Instructions to follow:
Nothing but the lines from the one with "small drawer cutlery" through the end of the data should be set down, each exactly as written, and no picture should be included.

Given information:
=== Begin Enclosure ===
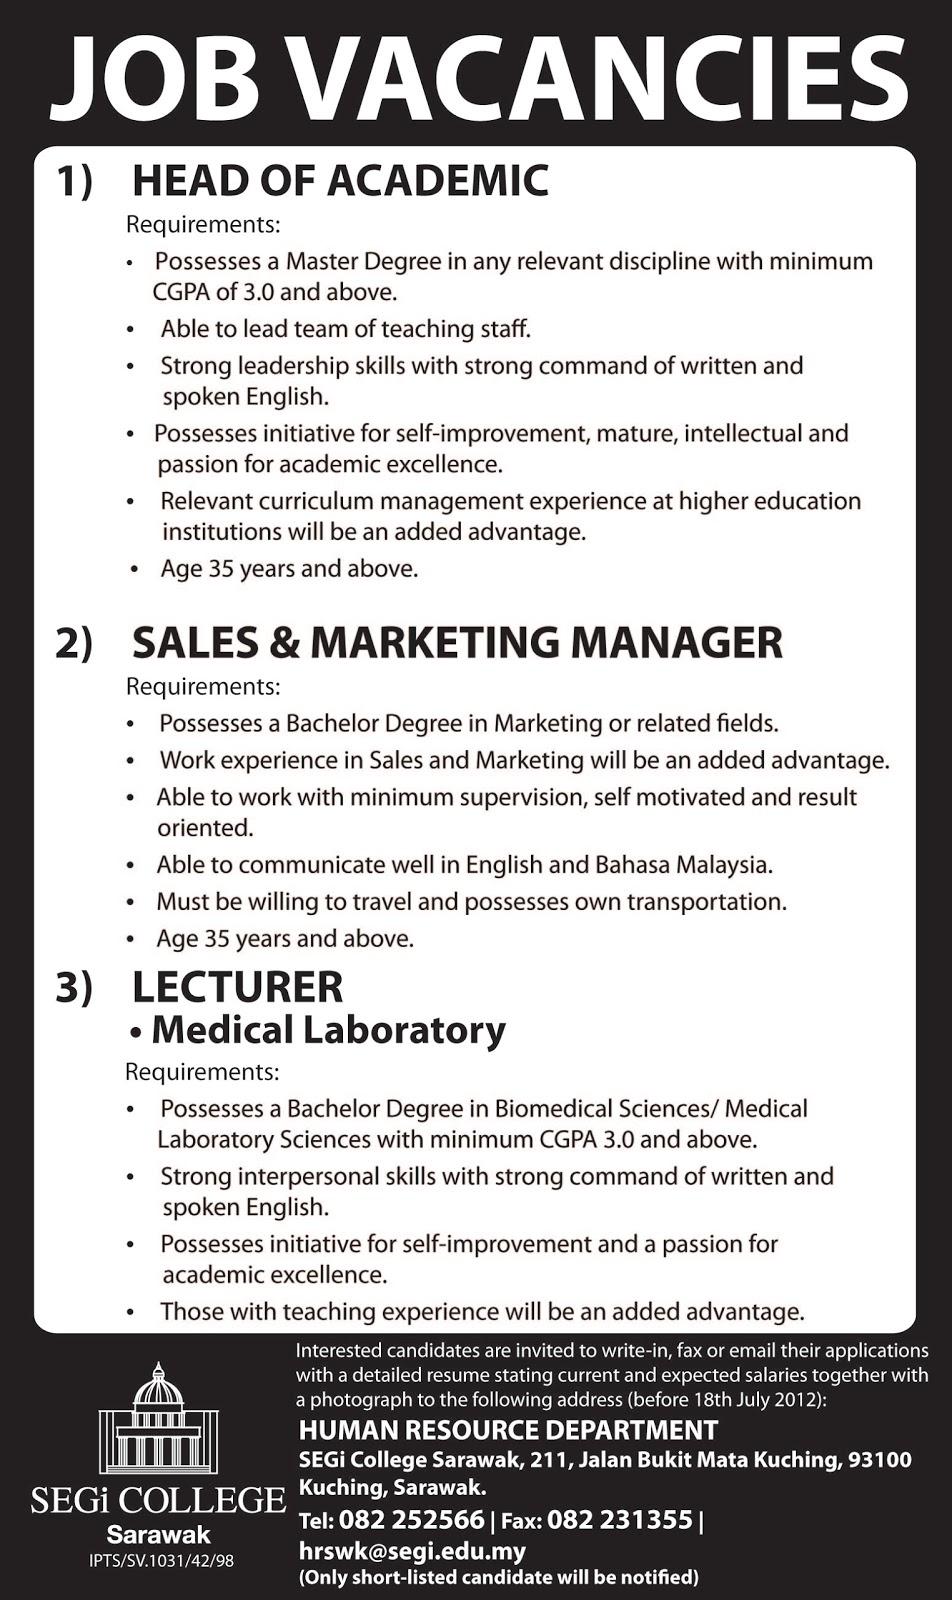 job application letter vacancy job application letter vacancy tk
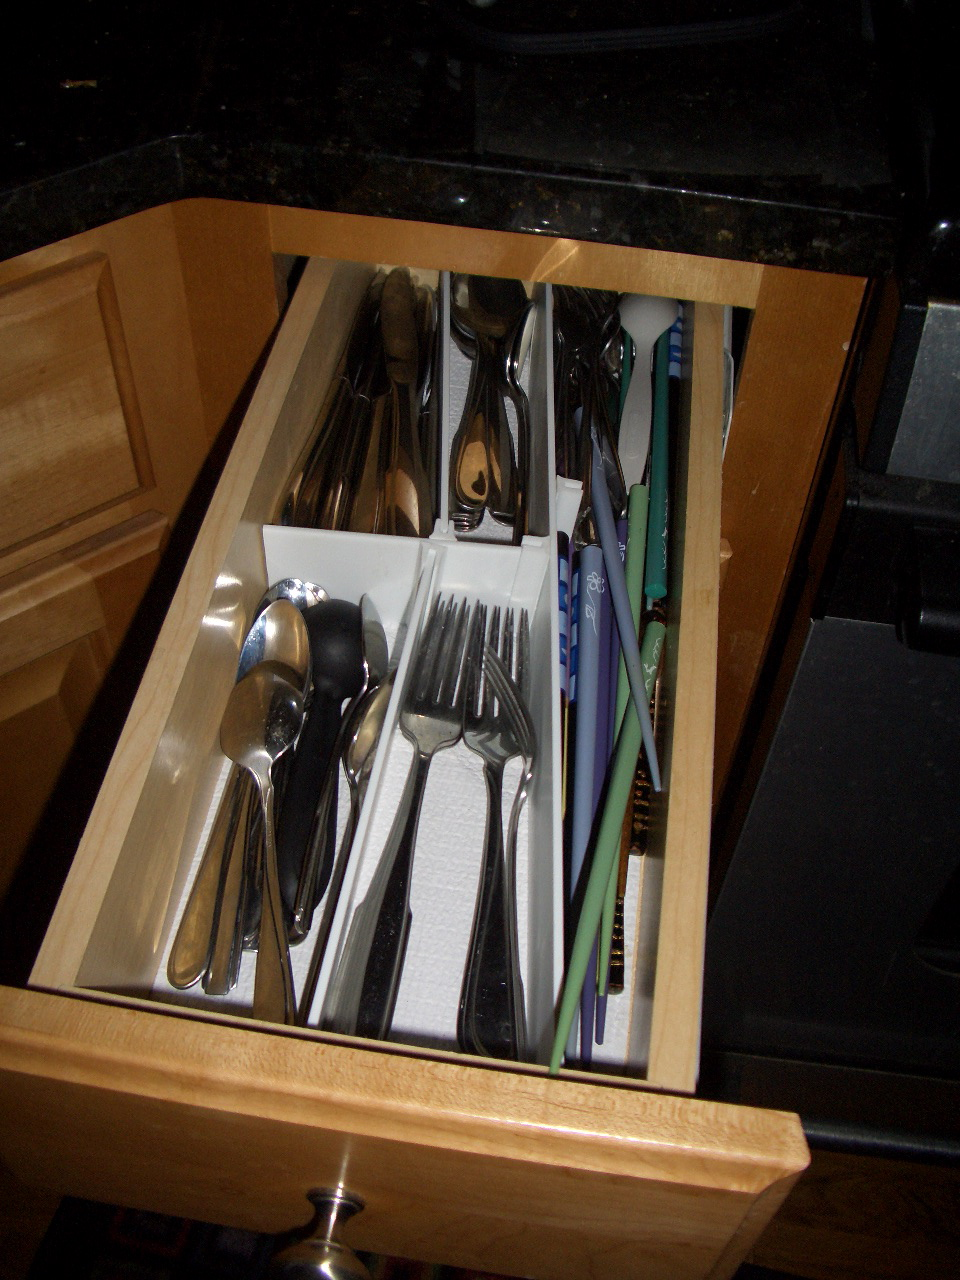 small drawer cutlery tray stdja besteckkasten ikea rev a. Black Bedroom Furniture Sets. Home Design Ideas
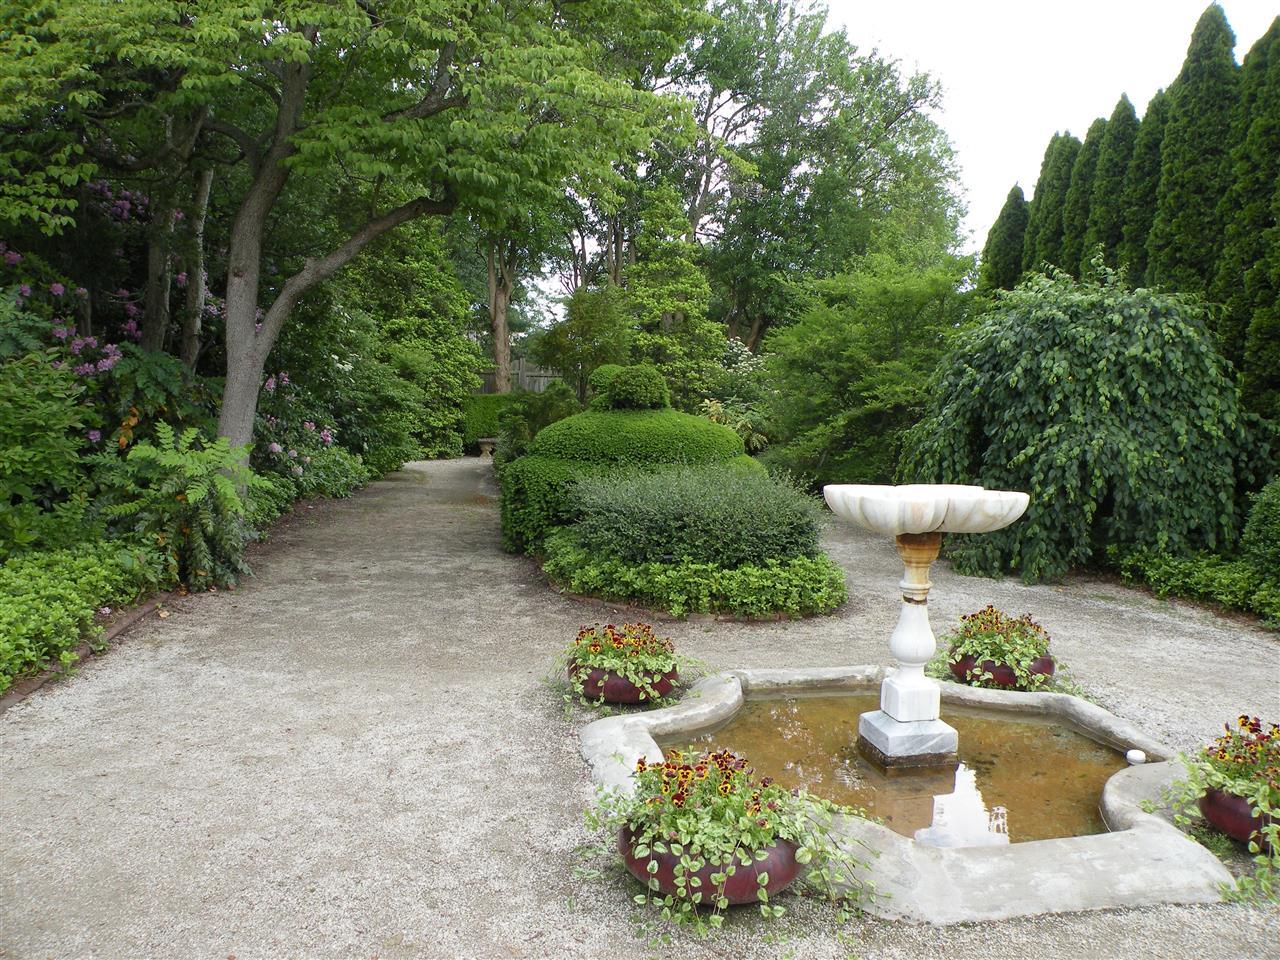 Fountain at Ladew Topiary Garden, Monkton, MD
=== End Enclosure ===
Reply to the task:
 small drawer cutlery tray stdja besteckkasten ikea rev a. Black Bedroom Furniture Sets. Home Design Ideas
 Fountain at Ladew Topiary Garden, Monkton, MD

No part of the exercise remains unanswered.